Difficult to believe that until recently the US dollar was being written off by all and sundry, with some even suggesting that its days as the currency of first reserve were numbered. Many were calling for the Yuan to replace it, and even the euro in its current iteration. Others suggested a basket of currencies. How times have changed.
So what has changed? Well much as for the USD/JPY which I referred to in a post last week as being a game of two halves as far as the year was concerned, the same thoughts could equally be applied to the US dollar index, and perhaps the most descriptive chart is the monthly timeframe.
For the first half of 2014, the index remained waterlogged with the price action contained in a narrow range, building a platform of support in the 79 region and an area of resistance in the 81.50 area, and with many analysts having forecast 2014 as the ‘year of the USD’ it seemed that their forecasts were incorrect. Then in July, the sleeping giant finally awoke from its slumbers, and since then has powered higher with December now looking to add a sixth straight month of gains for the dollar, with Friday’s Non Farm Payroll helping to propel the index through the 89 level to currently trade at 89.51 at the time of writing, a level not seen since 2009. Indeed if the 89.71 high of 2009 is duly taken out this week, then we can expect to see the index rise higher still and move to test the 92.53 high of 2005, a level that would have been unthinkable in the summer.
The strongly bullish technical picture is also supported by the fundamental, with recent encouraging statements from the FOMC concerning the US economy providing the platform of the recovery, with interest rate differentials now once again rising in importance. With Europe struggling and even mighty China suggesting a possible slowdown, the US dollar could continue its progress higher still in 2015, and perhaps even move towards 100 in the longer term. To borrow from a popular street art slogan, for the time being ‘the US dollar rules OK’!
By Anna Coulling
Anna,
You are living in a dream world, most of the usa states are bankrupted, the fed act if they have no debt, the payroll is manipulated to hell, the only true value is gold and silver?
Listern to the likes of Ron Paul and Mike Maloney and Max Kieser, then you will get the truth.
One of the banks are going to collapse with there derivatives contracts, I would say it going to be a German bank, and then you see how good the us will be.
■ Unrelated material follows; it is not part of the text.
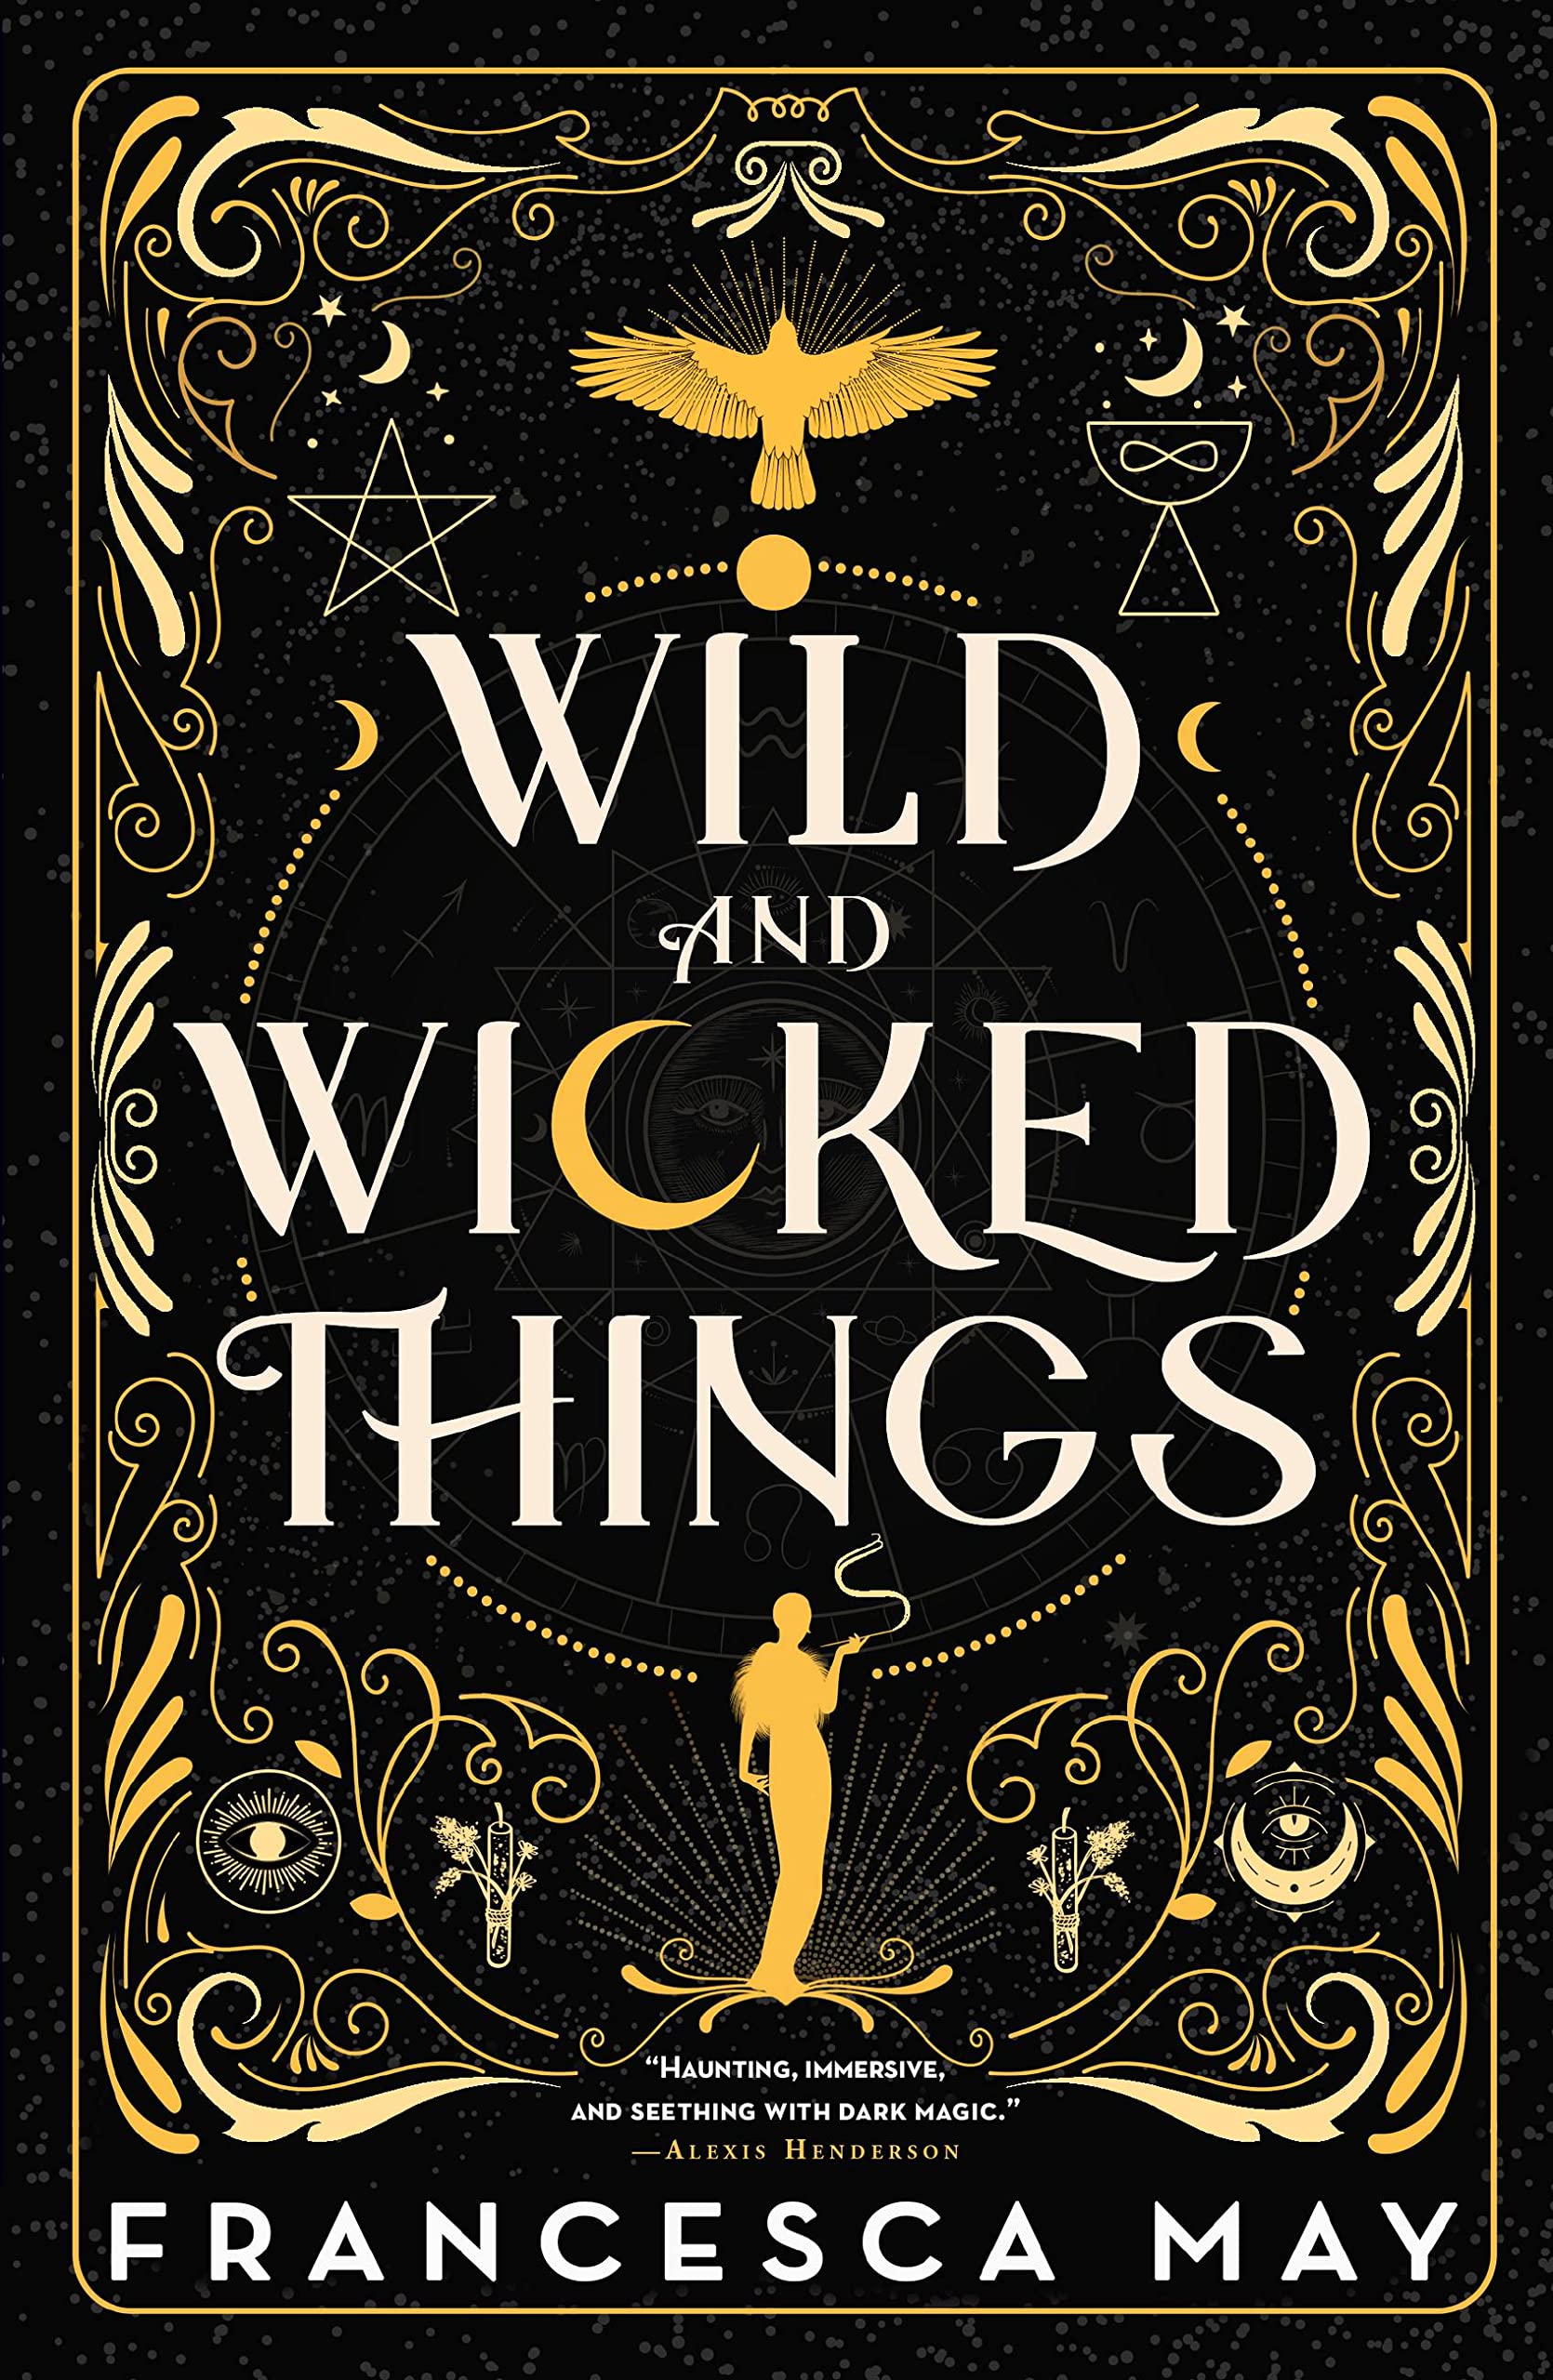 Cover of “Wild and Wicked Things” by Francesca May
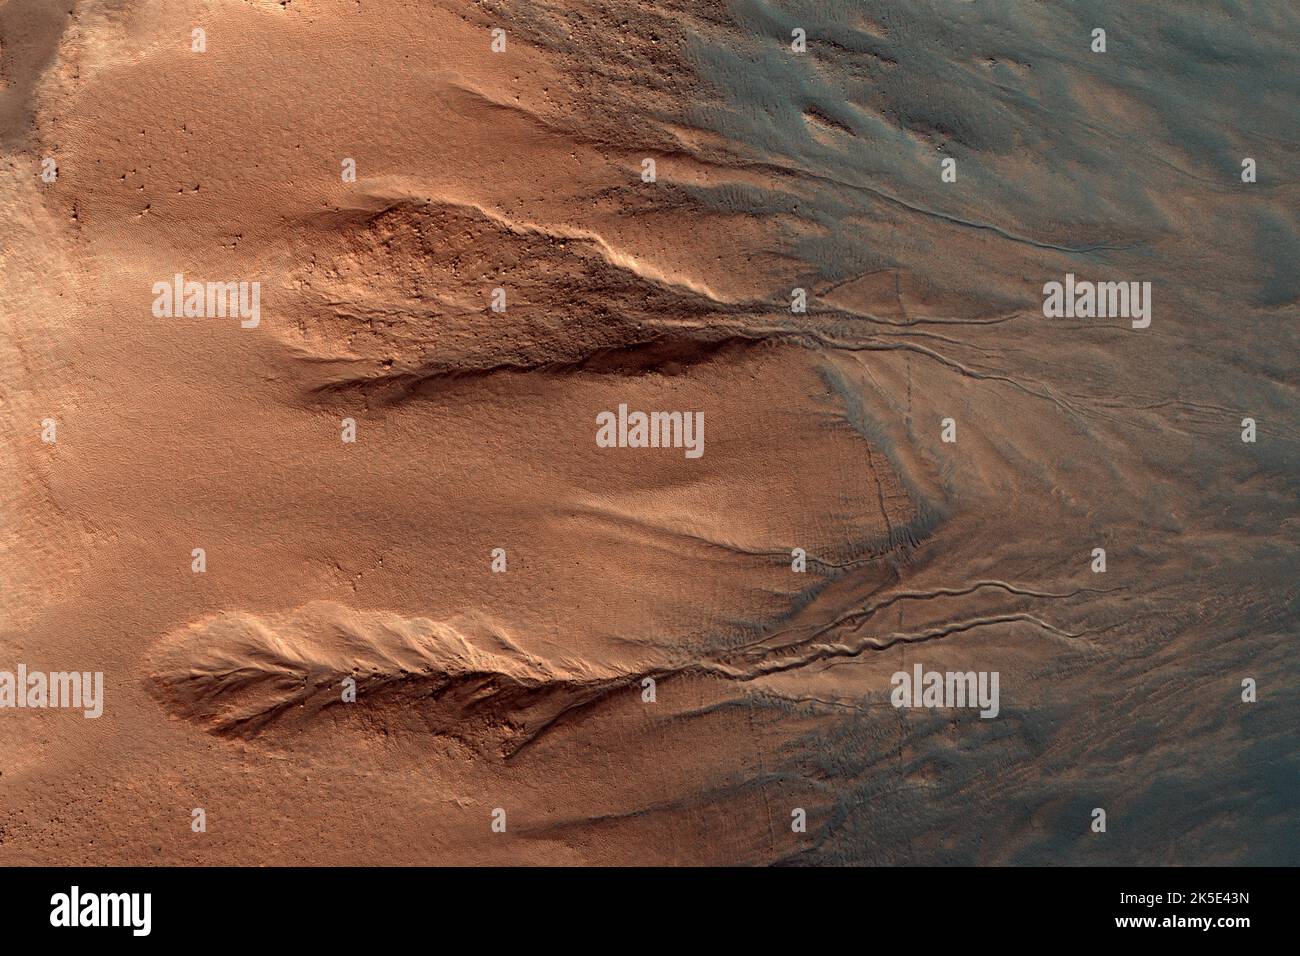 MARS. Gullies are relatively common features in the steep slopes of crater walls, possibly formed by dry mass movement, movement of carbon dioxide frost, or perhaps the melting of ground ice. This example shows a section of crater wall from the rocky crater rim at the far left of the image, down to the dark dusty dunes on the crater floor in the bottom right. The rock of the crater walls shows up deep orange, and the sandy deposits on the crater floor and the base of the crater walls appear blue (not actual colour.)  An optimised version of NASA imagery. Credit: NASA/JPL/UArizona Stock Photo

Terry you are the one living in a dream world. Anna is reporting the current state of the market, not what her (or your) political views are. Maybe the world is coming to an end like you believe… but it’s not happening now. The right trade to be in now is long the U.S. Dollar until the market says otherwise. Perhaps you’d be more at home commenting on a survivalist or gold bug blog instead of here.
BTW, why don’t you put your money where your mouth is and short the U.S. Dollar? I’d be happy to take your trade and add to my long position that is currently up 48% on the year.
Terry… You’re way off. The gold standard is long dead and it’s not coming back. There’s a reason for that, it doesn’t work. Here in ‘Merica (and all other closed loop economies), public sector (government) debt is equal to private sector wealth, to the exact penny. It’s impossible for the Fed to run out of money, since they create, or ‘issue’ new money. Sort of how the system works. I believe economists call it “operational reality”, of which most people are completely clueless of.
Derivatives are also not the problem they’re believed to be. http://www.thestreet.com/story/12066676/1/the-market-for-derivatives-is-not-bigger-than-world-gdp.html
Actually, Anna is basically correct. The Dollar has bullish cycles through to mid 2016 at least and potentially through to August 2017. Currently you’ll find the Dollar will correct lower for a while but not too long and will pick up again early next year. Once that follow-through has been seen, there will be a few months of weakness in a correction.
I had many traders tell me in mid 2010, when I said the DOW would reach above 16,000-17,000 at least, that I was crazy and that wasn’t it obvious that the U.S. economy was going to crash. Well, here we are close to 18K but frankly I don’t think it’ll get too much higher now.